*About this exercise:*
Your job is to return the whole listing unchanged while skipping its images.

*Data:*
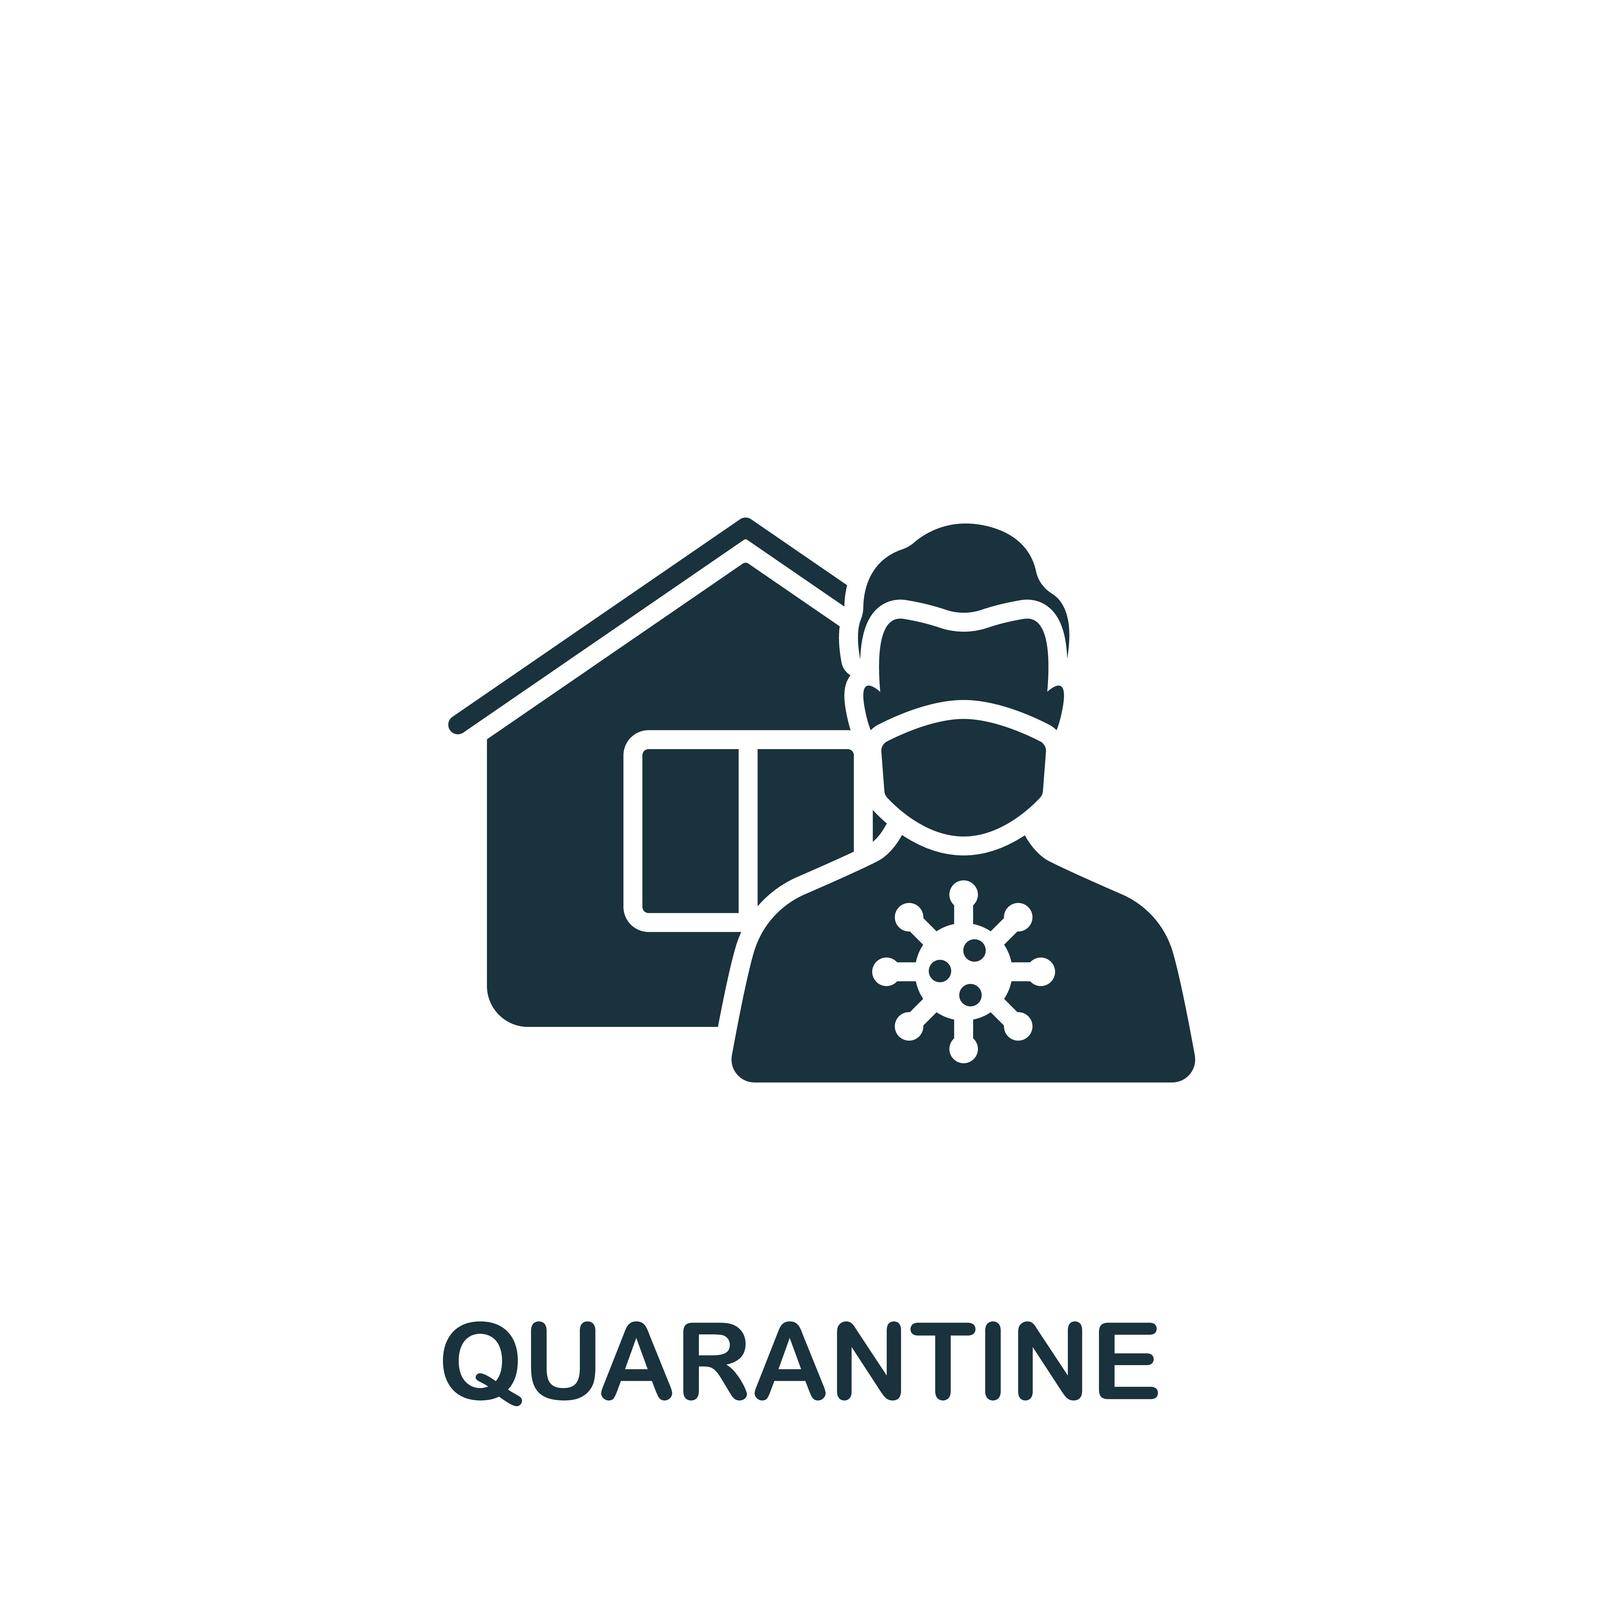 Quarantine icon. Simple line element quarantine symbol for templates, web design and infographics.
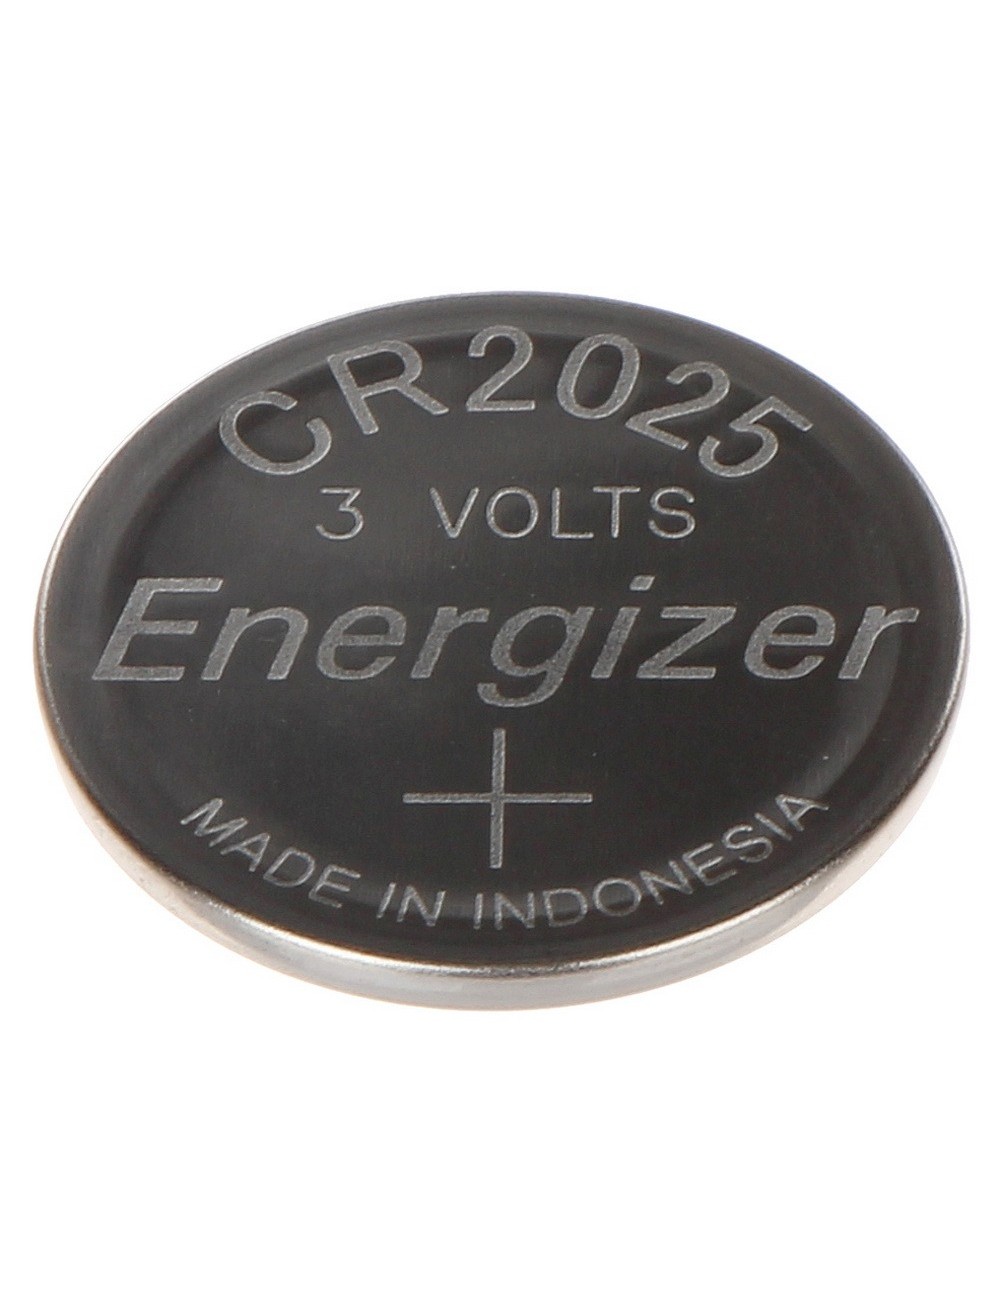 Energizer pile bouton, CR2025, blister 2 pièces
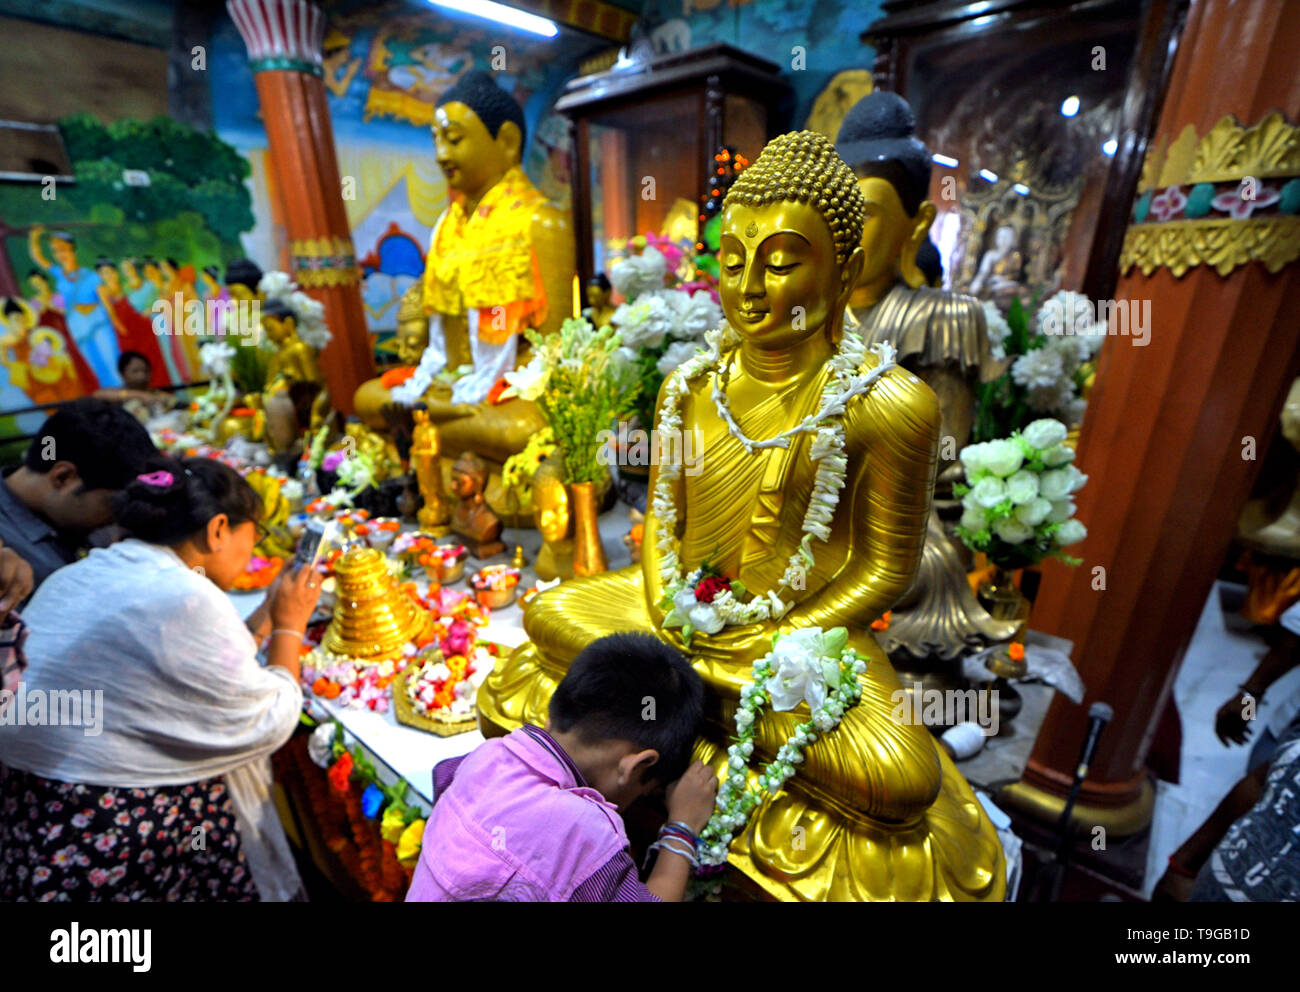 Un bambino visto pregare davanti alla statua di Buddha Signore durante il Buddha Purnima preghiere. Il Buddha il compleanno è una vacanza tradizionalmente celebrato nella maggior parte dell Asia orientale per commemorare la nascita del Principe Siddharta Gautama o Gautama Buddha che è il fondatore del buddhismo. Foto Stock

*Final answer:*
 Quarantine icon. Simple line element quarantine symbol for templates, web design and infographics.
 Energizer pile bouton, CR2025, blister 2 pièces
 Un bambino visto pregare davanti alla statua di Buddha Signore durante il Buddha Purnima preghiere. Il Buddha il compleanno è una vacanza tradizionalmente celebrato nella maggior parte dell Asia orientale per commemorare la nascita del Principe Siddharta Gautama o Gautama Buddha che è il fondatore del buddhismo. Foto Stock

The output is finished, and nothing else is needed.